INSTRUCTIONS TO FOLLOW:
Any picture in the data below gets skipped; print all the rest exactly.
+++ INFORMATION SHOWN
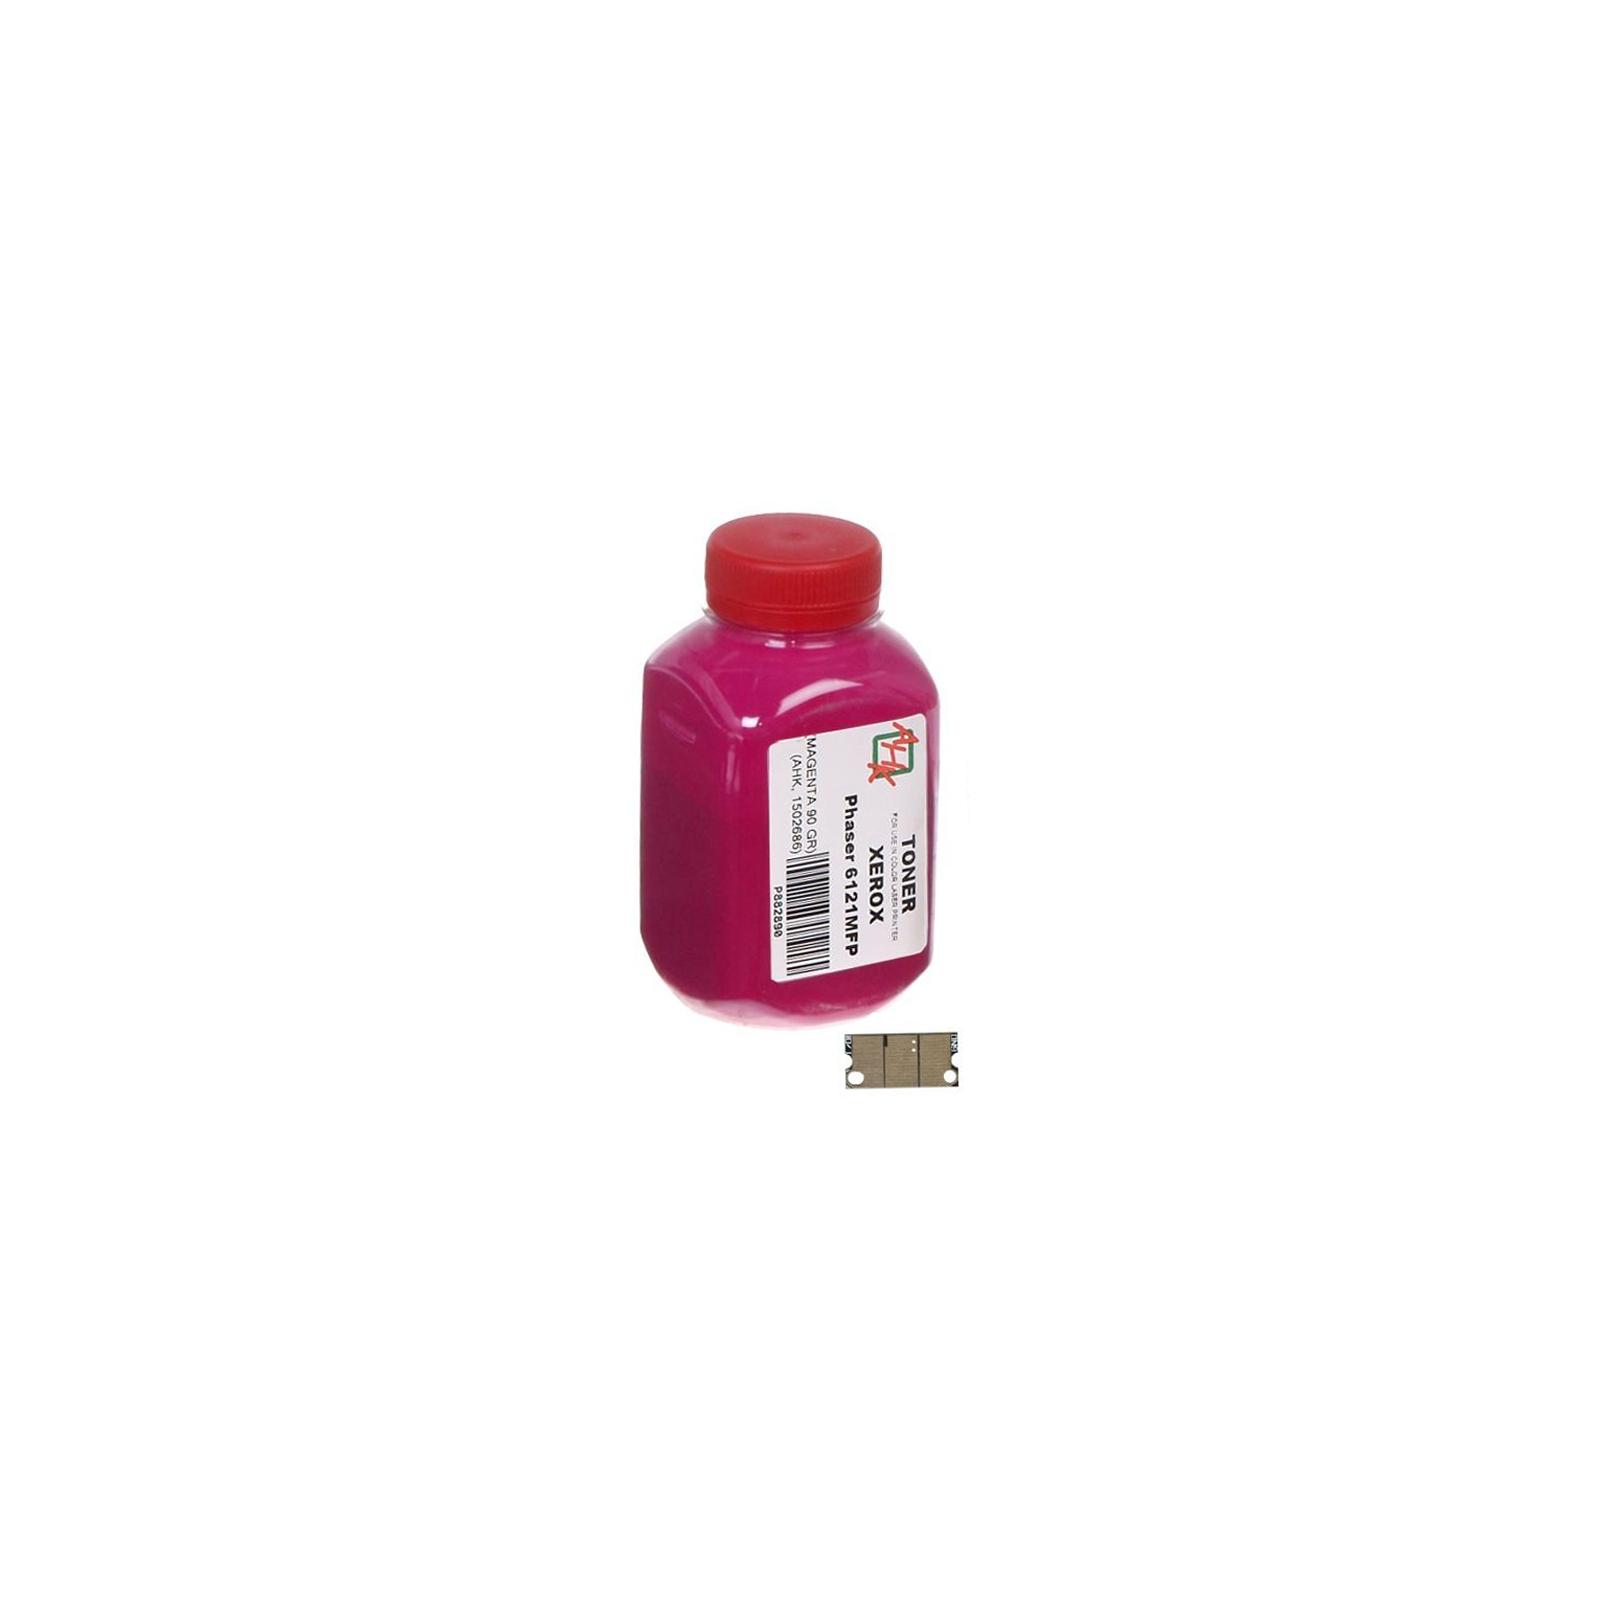 Тонер XEROX Phaser 6121MFP Magenta (+ чип ) АНК (1502687)
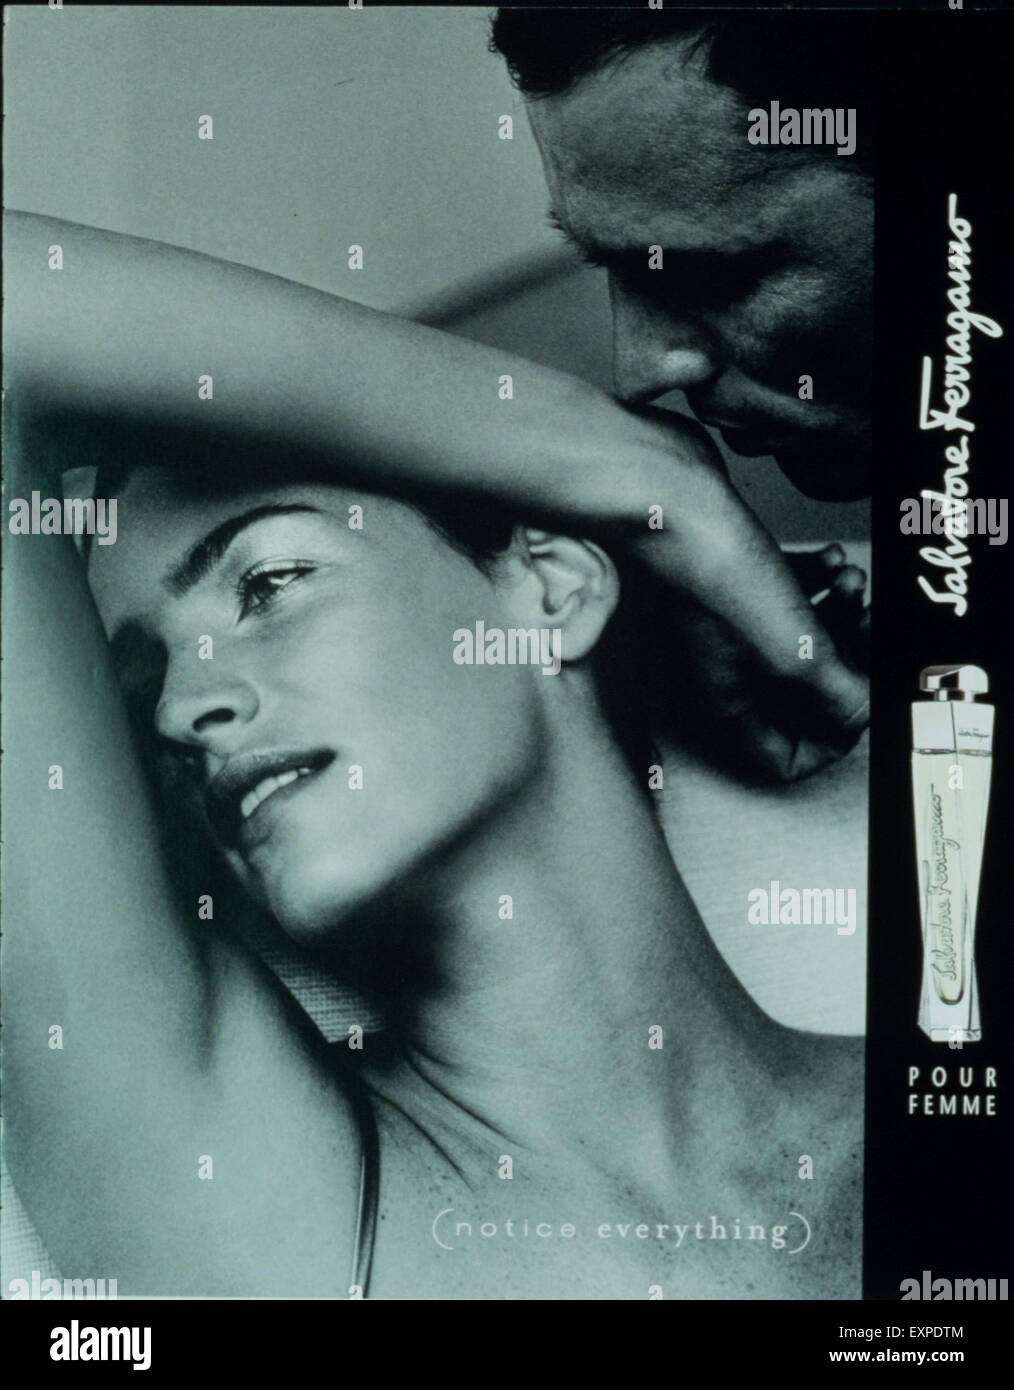 2000s UK Salvatore Ferragamo Magazine Advert - Stock Image
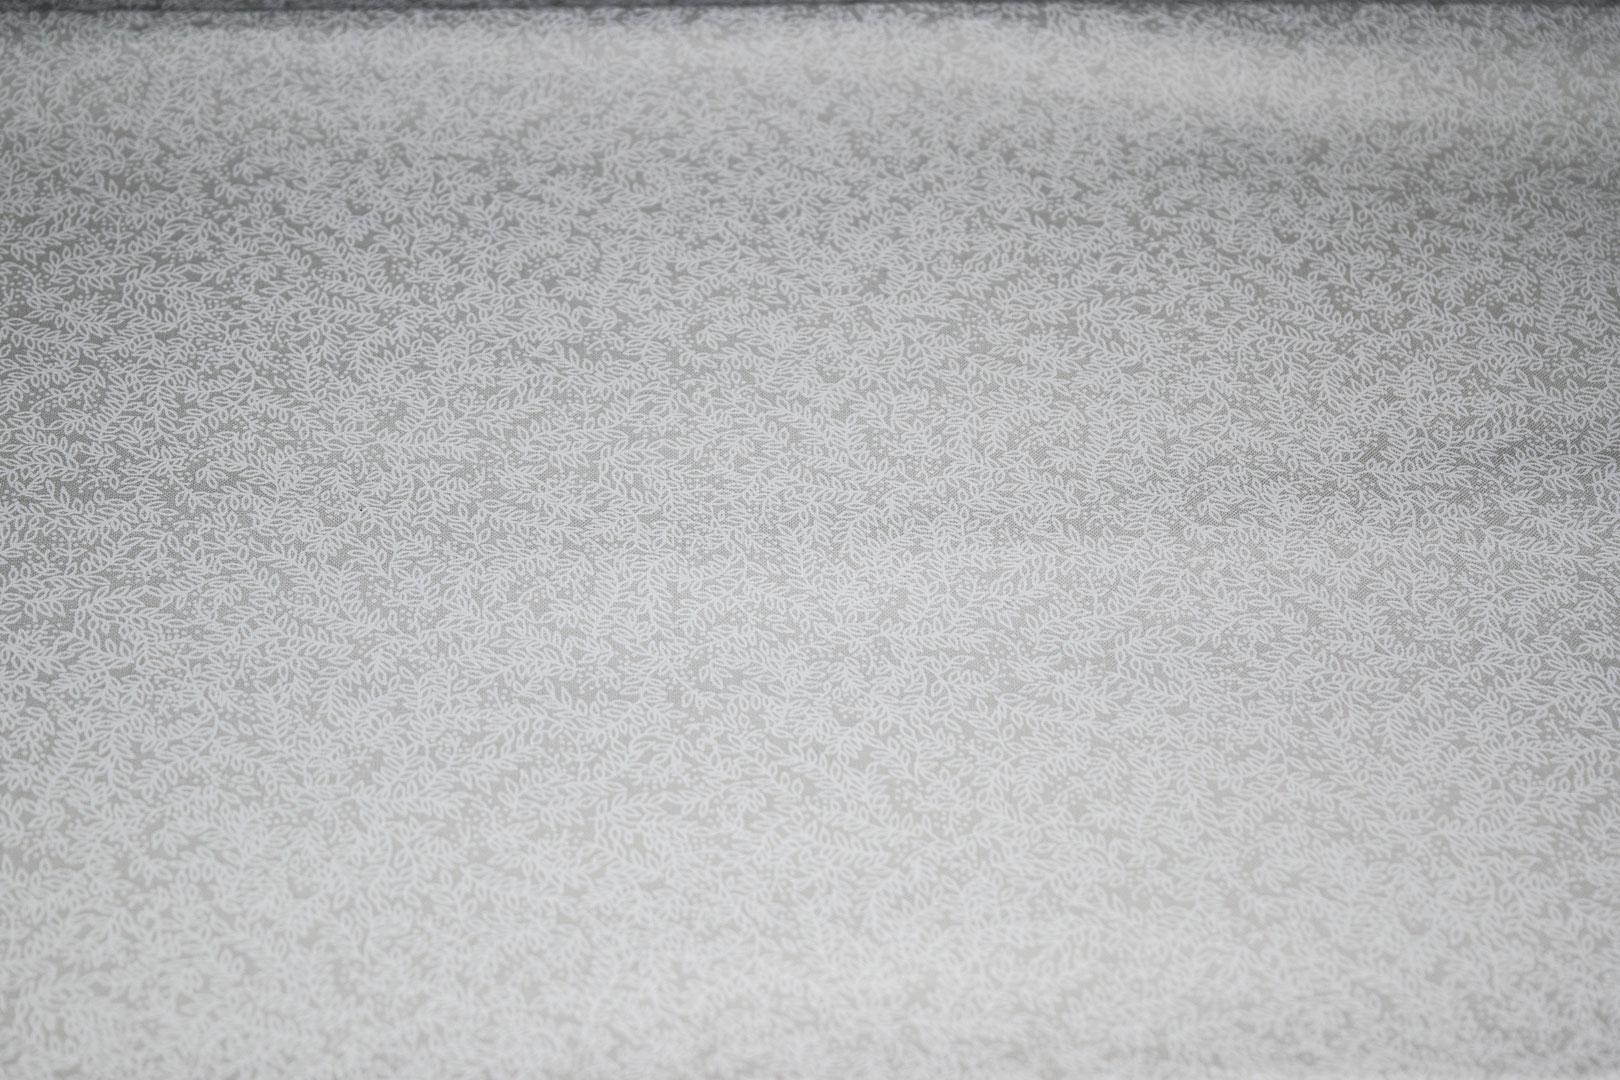 "8_37412_ww   44/45"" 68/68, 100% Carded Cotton"
++++++
TASK RESULT:
 Тонер XEROX Phaser 6121MFP Magenta (+ чип ) АНК (1502687)
 2000s UK Salvatore Ferragamo Magazine Advert - Stock Image
 "8_37412_ww   44/45"" 68/68, 100% Carded Cotton"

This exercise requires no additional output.